News | December 20, 2007

High-Risk Plaque Study Targets Heart Attack, Stroke Patients Prior to Occurrence

December 21, 2007 - BG Medicine, on behalf of the HRP Initiative, today announced the launch of the BioImage Study, designed to discover new blood tests and to optimize non-invasive imaging of atherosclerosis in order to identify and characterize individuals that are at high-risk for coronary heart disease or stroke.

The BioImage Study is the next phase of the High-Risk Plaque Initiative, an industry-funded joint research and development effort to advance the understanding, recognition and management of high-risk plaque (HRP), the primary underlying cause of heart attacks and the leading cause of death in the Western world.

The next phase of the High-Risk Plaque Initiative will leverage advances in diagnostic imaging and blood biomarker science to reduce morbidity, mortality and cost associated with cardiovascular disease

The current method of reducing cardiovascular disease relies on minimizing risk factors, an effective strategy to some degree, however, insufficient for treating established but asymptomatic disease such as HRP. Although the pharmaceutical industry has discovered promising treatment options to reduce the risk of heart attack or stroke associated with HRP, the therapeutic potential of these drugs is compromised by a general inability to identify the people who would benefit most from them. The BioImage Study is designed to identify those individuals with undetected but high-risk
atherosclerosis in the months or years before a heart attack or stroke occurs, by taking advantage of the latest technologies in biomedical imaging and molecular medicine. This approach integrates a set of clinical measurements that may reliably and reproducibly predict those who are most at risk of heart attack or stroke associated with HRP, who would benefit from innovative therapies.

“The BioImage Study is expected to answer many important questions that would help us devise strategies to markedly reduce the burden of cardiovascular disease,” said Valentin Fuster, M.D., Ph.D., a leading international cardiologist and chairman of the Scientific Advisory Board for the HRP Initiative and principal investigator of the BioImage Study. “The collaboration between academia, diagnostic and therapeutic industry participants and a leading health benefit provider creates an unprecedented opportunity to do a different kind of study to search for these answers in a way that would otherwise not be possible.” In addition to his work with the HRP Initiative, Dr.

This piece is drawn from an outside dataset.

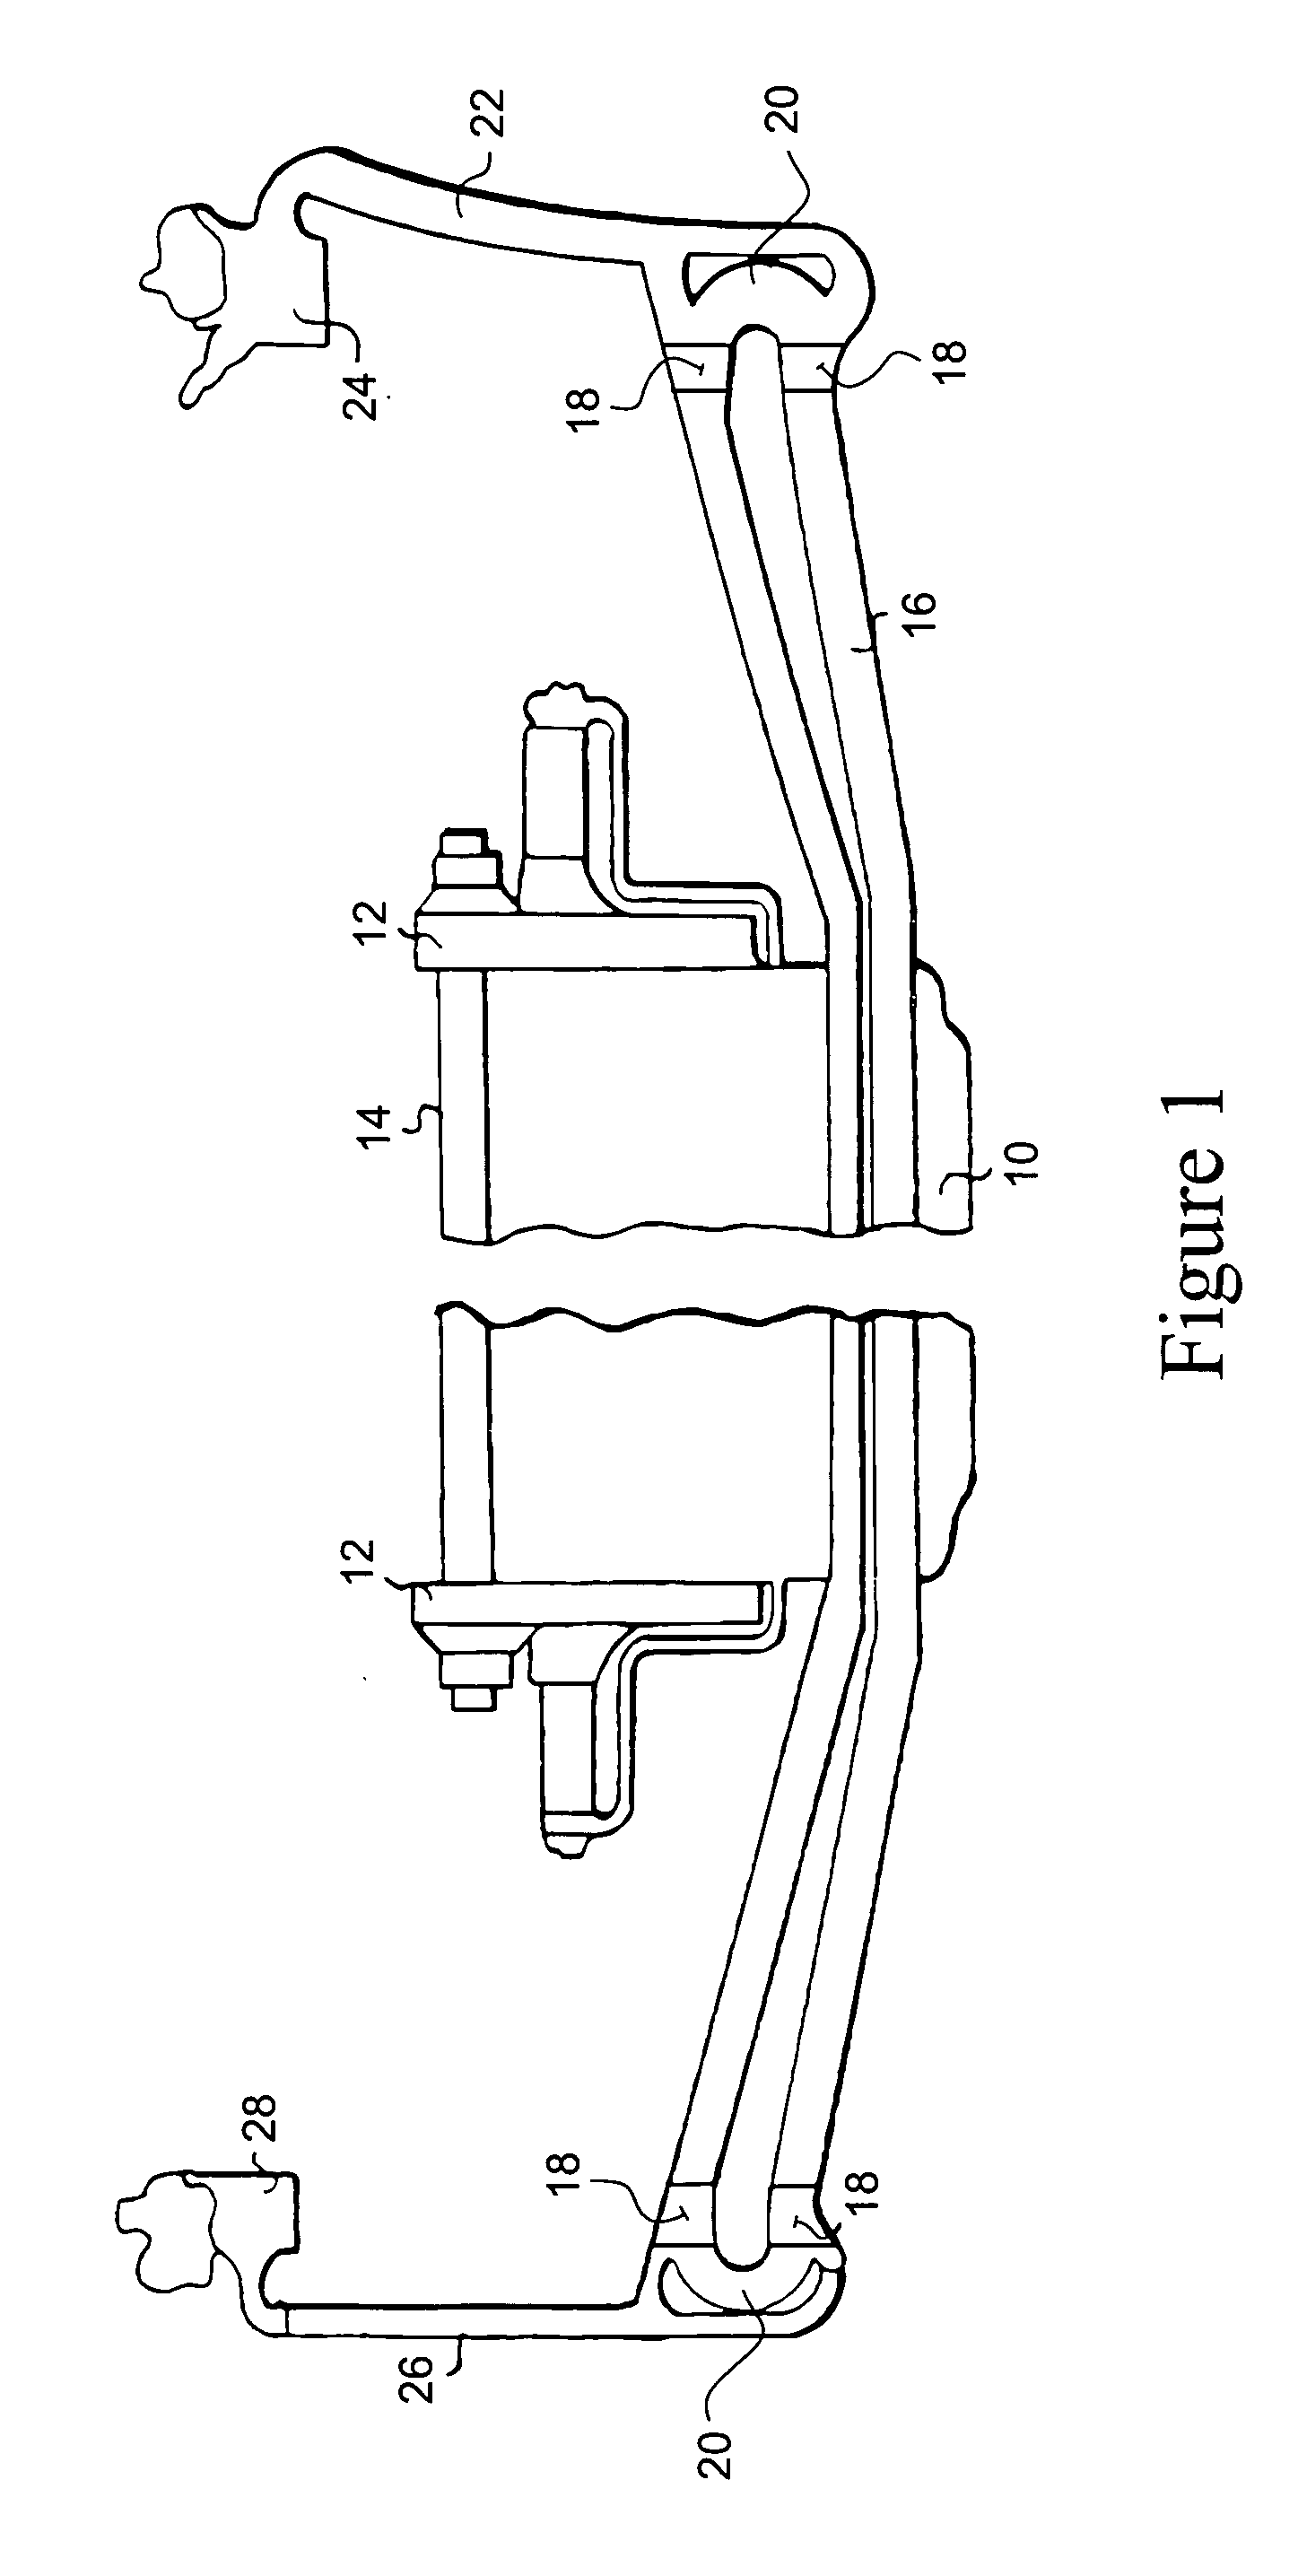 Method and system for applying an isolation layer to a brazed end of a generator armature winding bar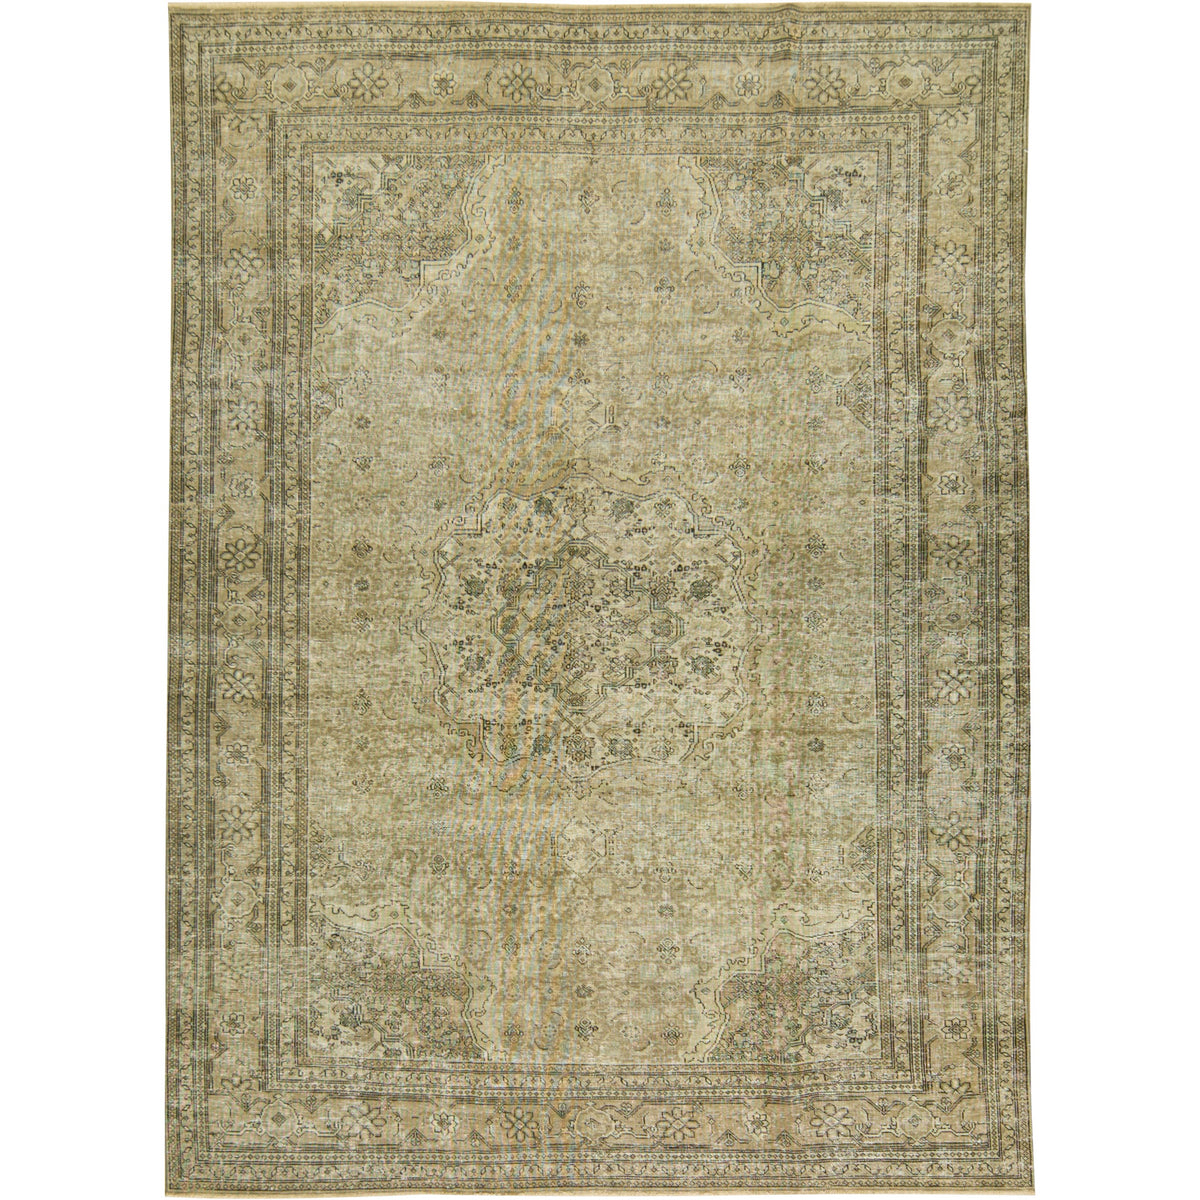 Handwoven tradition meets modern style: The Fiorella Rug | Kuden Rugs

Fuster serves as director of the Zena and Michael A. Wiener Cardiovascular Institute and the Marie-Josée and Henry R. Kravis Center for Cardiovascular Health and Director of Mount Sinai Heart.

Participants in the BioImage Study will have physical measurements taken (e.g., height, weight, blood pressure and waist/hip circumferences) and blood samples drawn for a number of advanced molecular analyses. Many of these participants will also undergo procedures to capture images of
their hearts and cardiovascular systems. Based on this information, the HRP Initiative will work to discover and validate blood biomarkers that correlate with the imaging data, and that are predictive of future heart attack and stroke associated with HRP.

The BioImage Study is novel not only in its design, but also in the collection of collaborative partners who have joined the HRP Initiative to address this critical medical need. Together with BG Medicine, these partners include Merck, AstraZeneca, Philips, and several distinguished members of academia. This initiative was formed with the shared goal to address atherosclerosis and its associated life-threatening consequences of heart attack and stroke. The current group of HRP Partners is seeking additional companies to collaborate in the HRP Initiative.

Humana, one of the largest publicly traded health benefits companies in the U.S., will offer to selected members in Illinois, Kentucky and Southern Florida the opportunity to participate in the BioImage Study. The study uses mobile diagnostic imaging units equipped with Philips magnetic
resonance (MR) and computed tomography (CT) systems. These units will be located at the sites in Illinois, Kentucky and Florida and will seek to enroll a total of 7,300 volunteers. The BioImage Study, which starts this week in Chicago and is expected to end in December 2008 in Florida, willenroll males age 55-80 and females age 60-80.